Tajikistan has approved a draft agreement with the United Kingdom to collaborate on the extraction and processing of critical minerals, with a particular focus on antimony, a strategic metal in which the Central Asian country holds significant reserves.
The move places a landlocked economy squarely inside the global scramble to diversify critical-mineral supply chains away from a handful of dominant producers. Antimony, used in flame retardants, batteries, semiconductors and defence applications, has drawn heightened attention as buyers seek alternatives to concentrated sources of supply.
Why antimony
Antimony sits on multiple government critical-minerals lists because supply is geographically concentrated and demand spans both industrial and strategic uses. For a resource-rich but capital-scarce country, a processing partnership offers a route to capture more value domestically rather than exporting raw ore.
- Commodity focus: antimony and associated critical minerals.
- Partners: Tajikistan and the United Kingdom.
- Scope: cooperation on extraction and processing, not just raw exports.
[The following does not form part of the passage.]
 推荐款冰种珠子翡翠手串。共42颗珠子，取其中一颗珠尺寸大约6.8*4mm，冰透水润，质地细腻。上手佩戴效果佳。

- Strategic driver: supply-chain diversification amid concentrated global production.
The value-added angle
Processing agreements matter because the economics of mining favour those who refine. Countries that only ship unprocessed ore capture a fraction of the value chain. By framing cooperation around extraction and processing, the arrangement signals an intent to build domestic capability rather than serve purely as a raw-material supplier.
Part of a broader pattern
The agreement fits a wider 2026 trend in which consuming nations pursue direct partnerships with smaller producer states to secure critical minerals. Similar bilateral arrangements and proposed preferential trading zones have multiplied as governments respond to supply concentration in lithium, cobalt, rare earths and antimony. For Central Asian states, mineral diplomacy has become a lever for attracting investment and technology.
Considerations ahead
Turning a draft agreement into operating capacity involves substantial hurdles.
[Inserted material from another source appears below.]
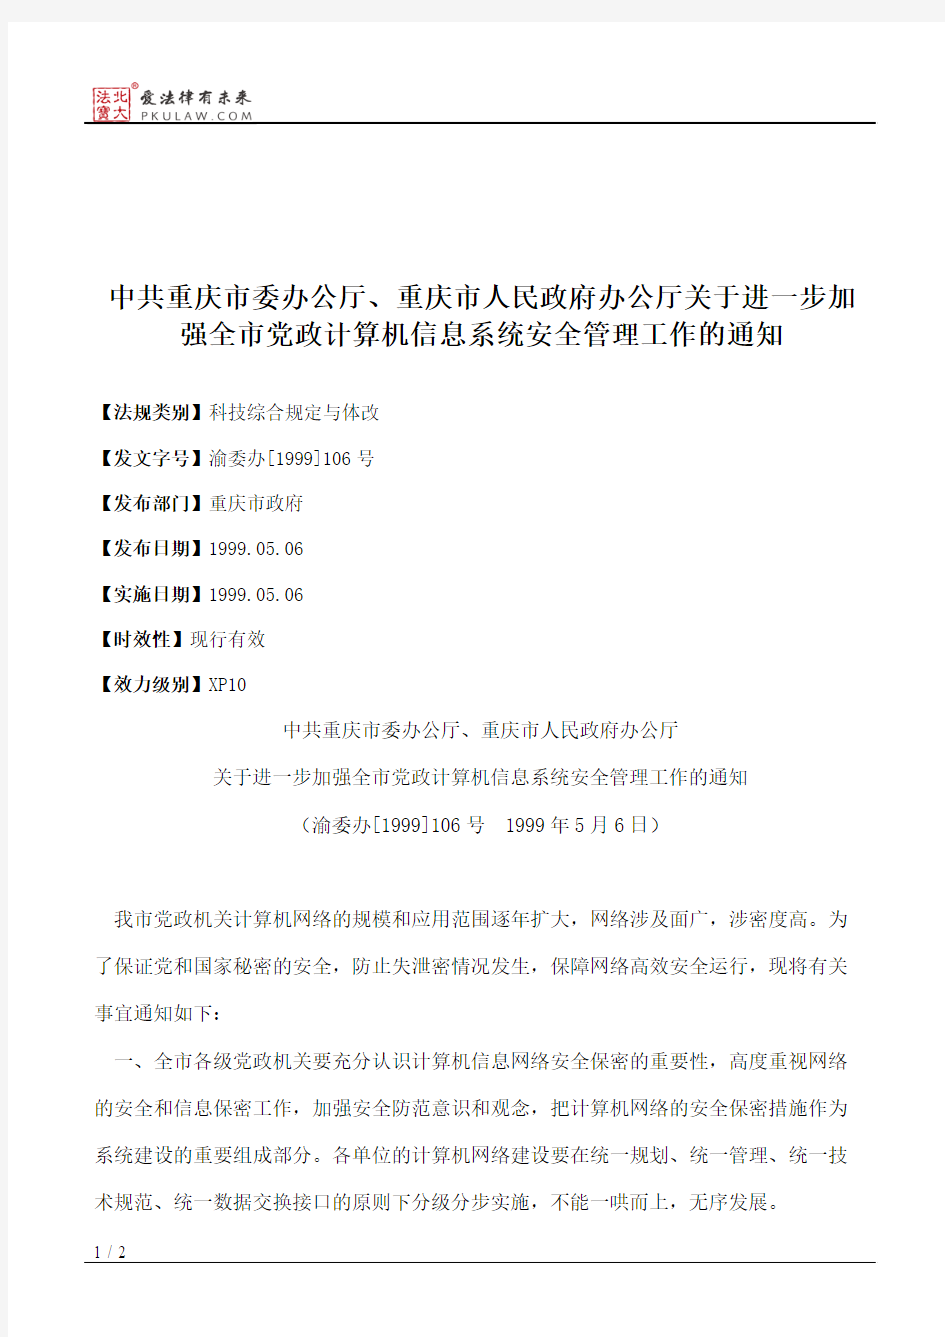 中共重庆市委办公厅、重庆市人民政府办公厅关于进一步加强全市党

- Financing: extraction and processing facilities are capital-intensive and long-lead.
- Logistics: a landlocked location complicates export routing and adds transit cost.
- Environmental management: antimony processing carries handling and waste considerations.
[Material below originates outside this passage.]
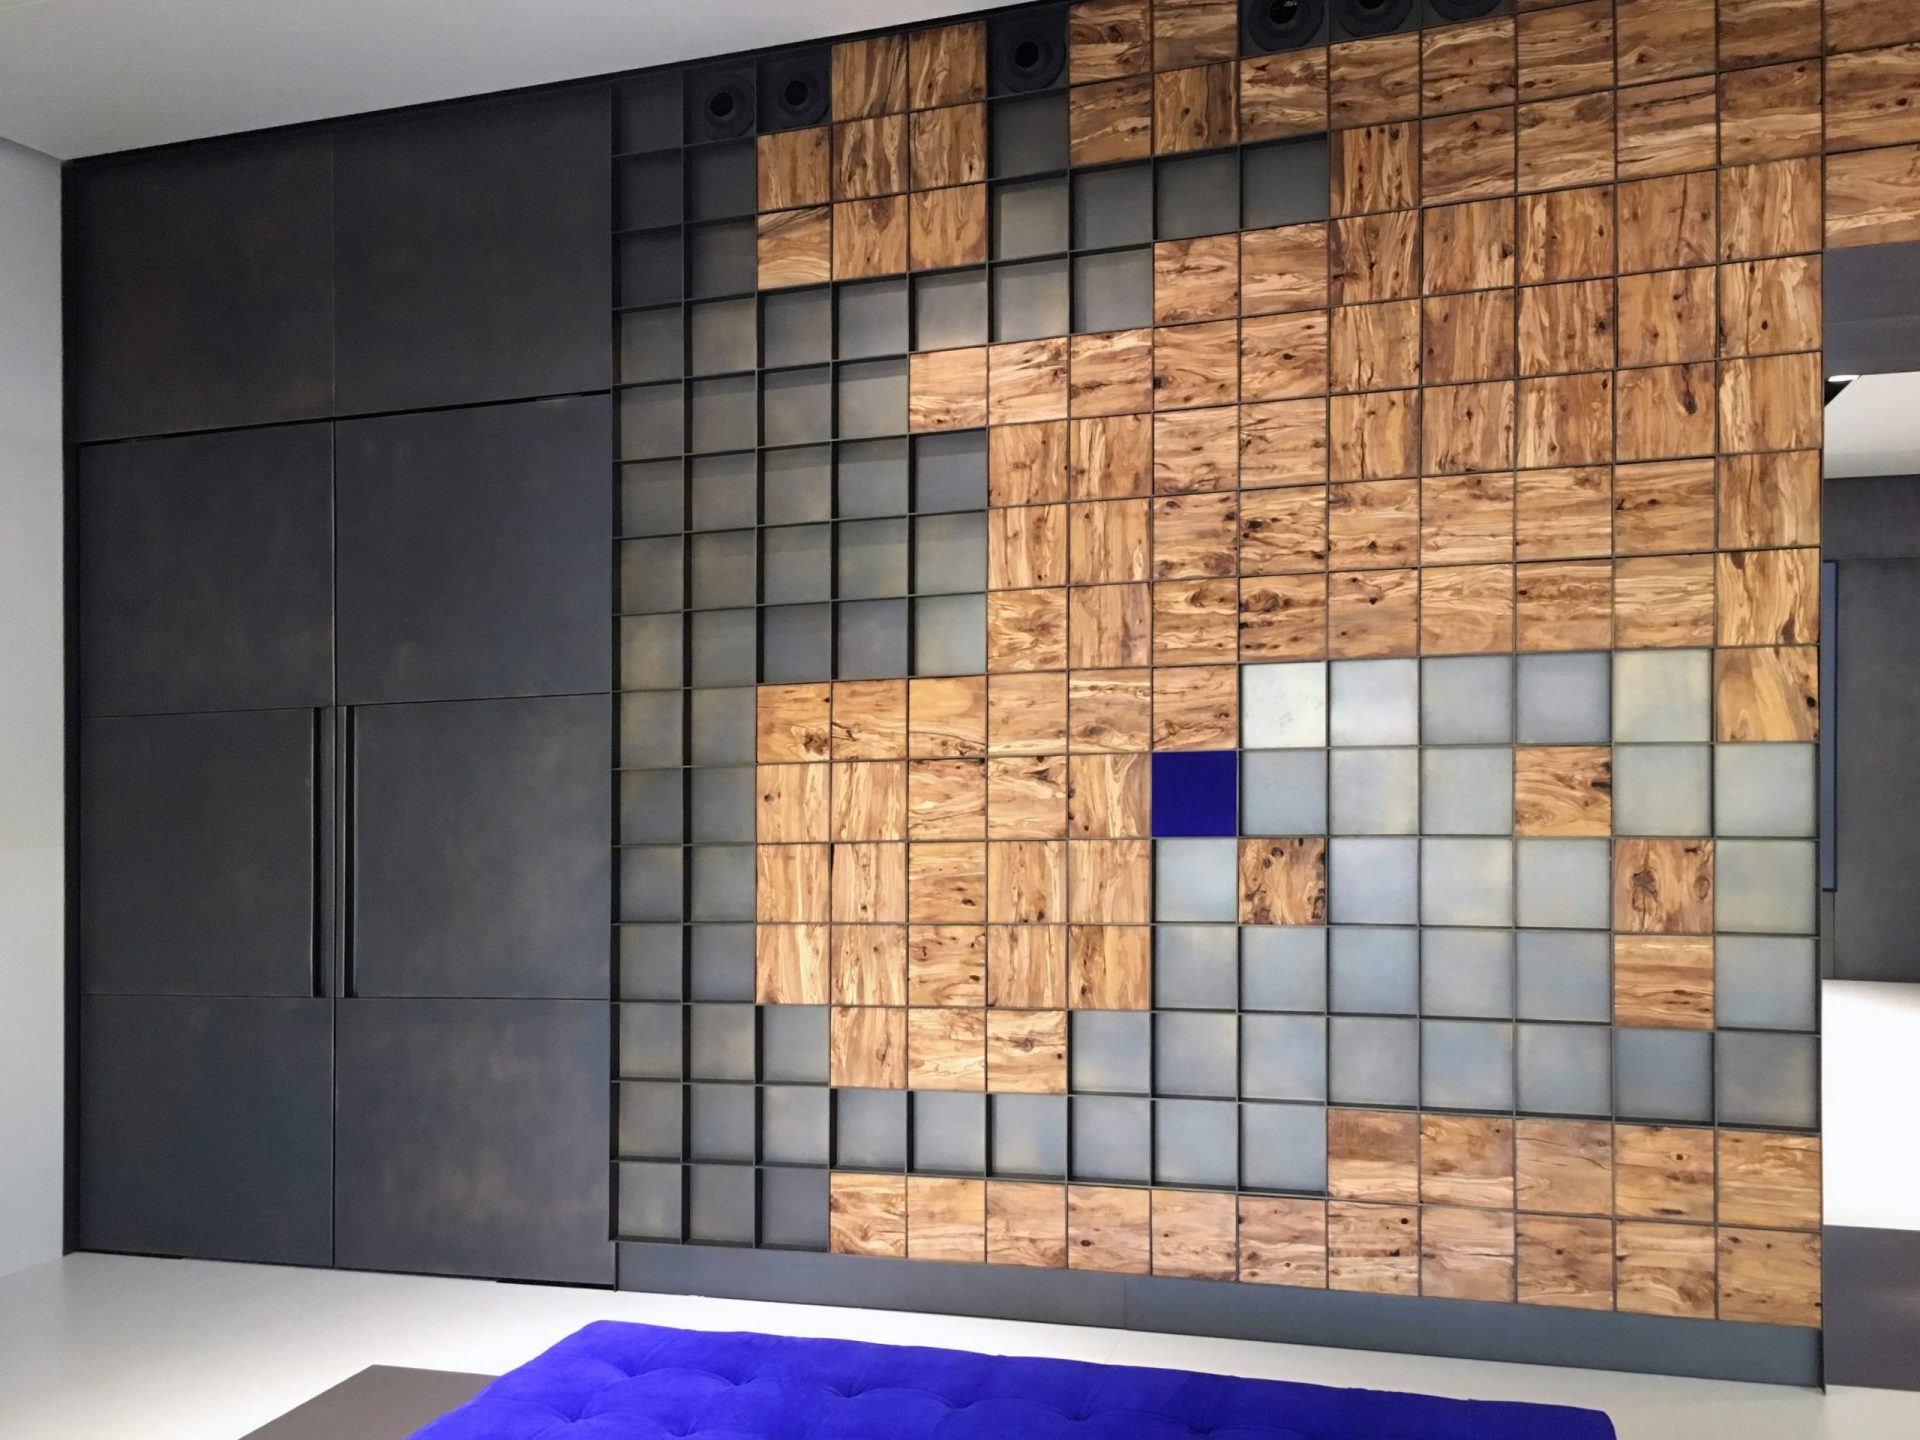 Vestíbul amb paret metàl·lica i mapa del món fet de quadrats de fusta

- Governance: transparent terms will shape how much value the host economy retains.
For Tajikistan, the agreement is an opportunity to convert geological endowment into industrial activity and export earnings, while offering the United Kingdom a foothold in a supply chain it wants to diversify. Much depends on execution: draft cooperation frameworks are common, but the projects that follow require sustained investment, infrastructure and stable terms. If realised, the partnership would add a new node to the widening map of critical-mineral supply relationships being redrawn across 2026.